Have Fuel Prices Found A Floor?
Have fuel prices found a floor?
After dropping 60 cents in a week and a half, diesel prices have bounced 17 cents in the past 24 hours, and gasoline prices are up nearly 20 cents since bottoming out last Thursday. While crude oil prices have also bounced, WTI is up $5/barrel from Thursday’s lows, they’re not keeping pace with the recovery in refined products, suggesting this move may be driven by spread buyers as we head into the fall maintenance & storm seasons with a refinery network that’s more vulnerable than it’s been in decades.
There isn’t much in the way of a headline to pin the sudden reversal in diesel prices on, and in fact European natural gas prices are pulling back as inventories have recovered in recent days, which would tend to act as a drag on diesel prices. This suggests the move may be more technical in nature, as trading programs and some humans see the latest wave of selling as a good buying opportunity after the head and shoulders and descending triangle patterns that foreshadowed lower prices have now been completed. The first big test for the bulls to decide if they’re serious about this rally is to get diesel prices back north of $3.50, and gasoline prices back above $3.
The latest round of negotiations with Iran over its nuclear ambitions ended without any sign of progress, reducing the odds that Iranian oil exports will legally re-enter the world market.
The national hurricane center still gives a 40% chance the storm moving over the Atlantic will get a name this week, and the long range forecasts suggest there will be more storms coming soon as the hurricane season reaches its peak a month from now.
HF Sinclair proved that the previous year was a great time to be buying refineries, joining its US peers reporting huge profits for the 2nd quarter. While the company’s newly acquired facilities netted nearly $30/barrel after operating costs, the renewable diesel operations showed heavy losses for the quarter, suggesting that turning soybeans into motorfuel may not be the field of dreams many have been hoping for, even with nearly $5/gallon in various government tax credits and subsidies and diesel prices at elevated levels.

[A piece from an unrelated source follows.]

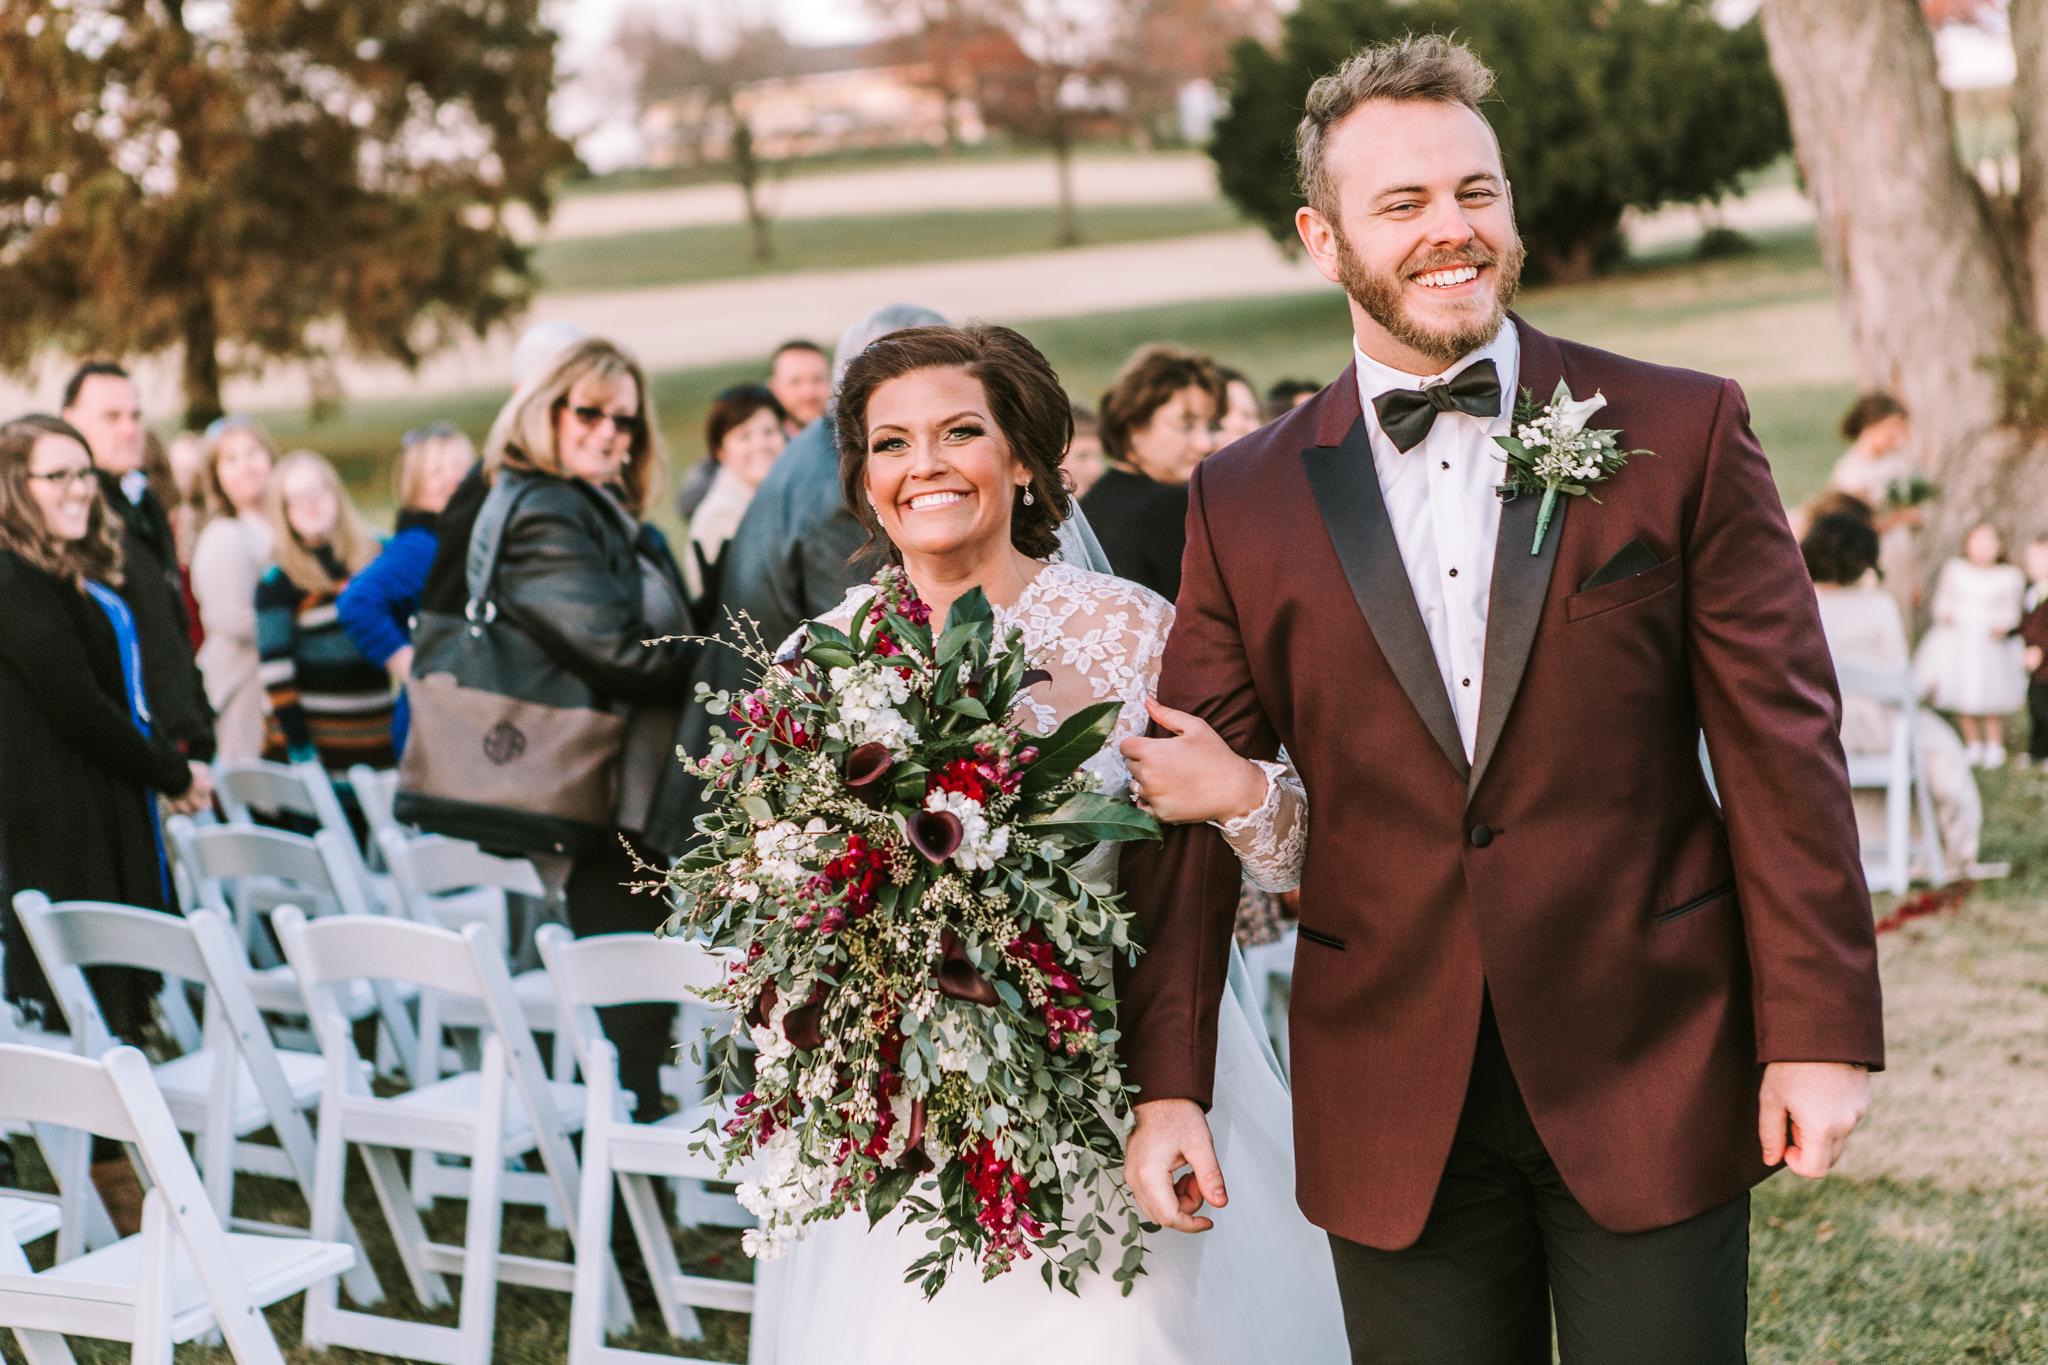 Richmond Kentucky Wedding Photographer - Ariana Jordan Photography -25.jpg
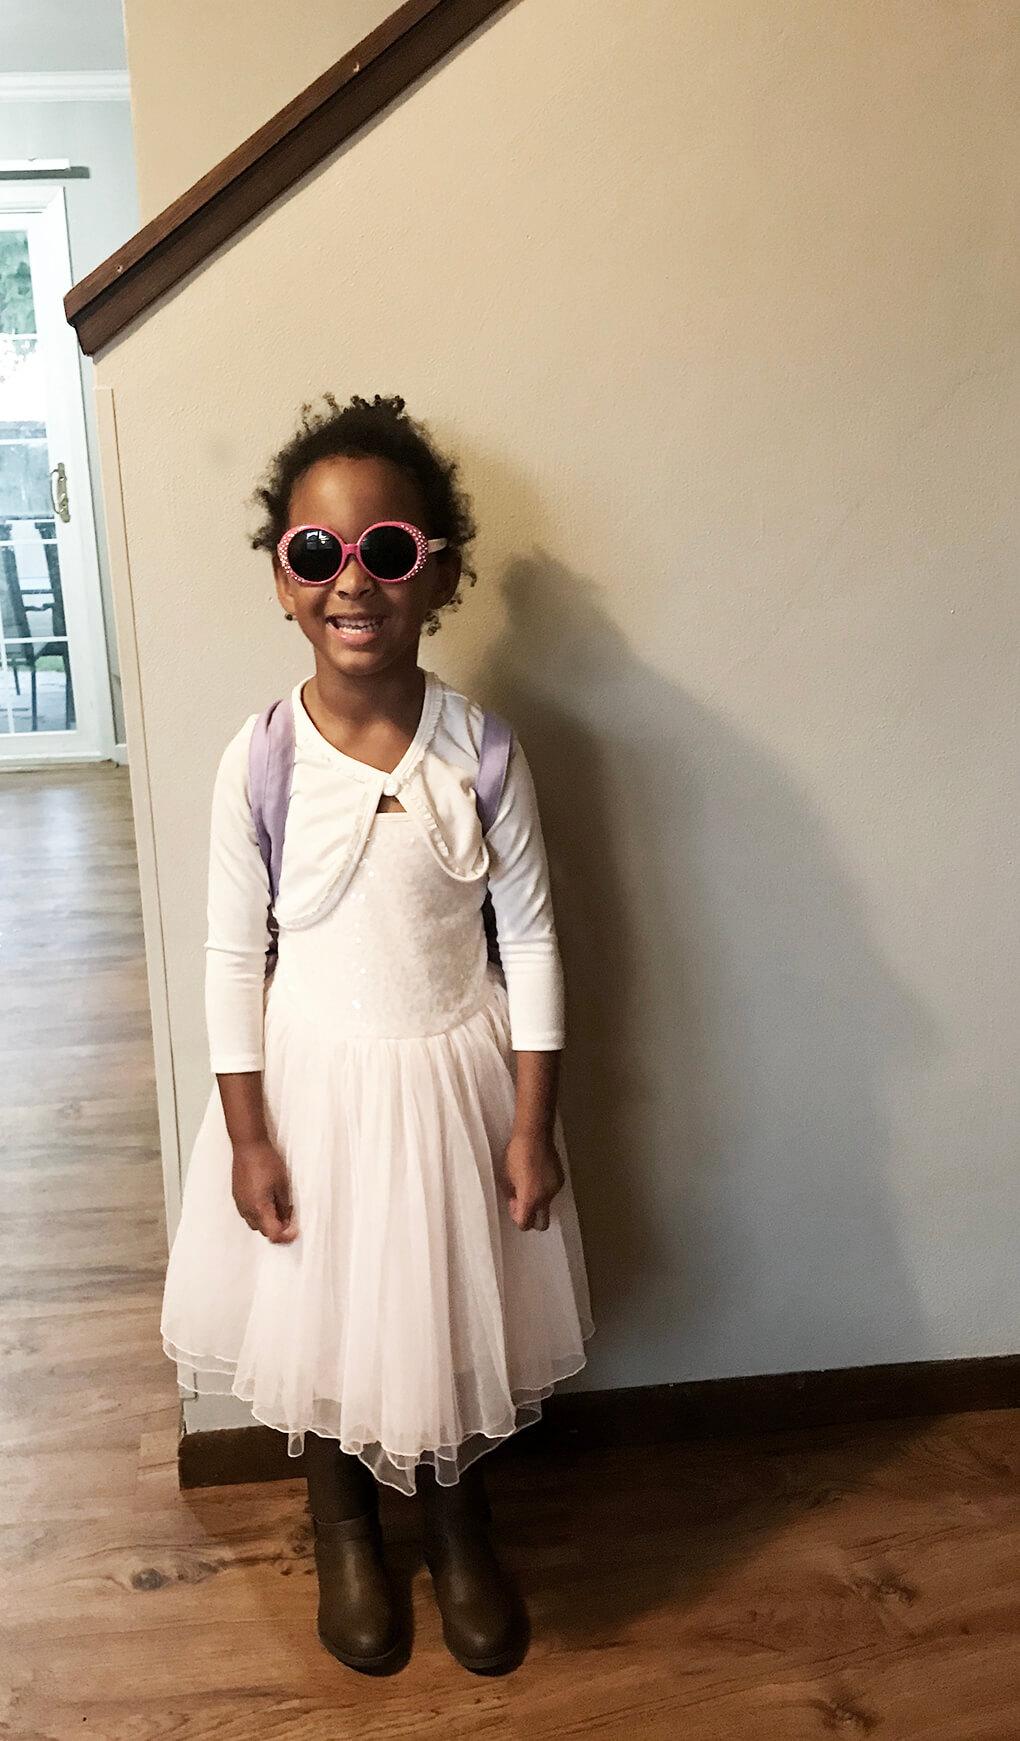 September 2018 Catch Up Over Bone Broth www.sarahkayhoffman.com Samarah Five Dress Sunglasses #lifestyleblogger #healthylifestyle

Speaking of which, the spending bill passed in the Senate this weekend includes the extension of several existing biofuel credits, and the addition of several new credits to encourage more production. One detail that’s already expected to have unforeseen consequences is that Sustainable Aviation Fuels (SAF) will get $.25-$.75/gallon more credits than Renewable Diesel, which will likely mean a shift by some producers away from on-road fuels given the limited feedstocks available to make fuel out of food.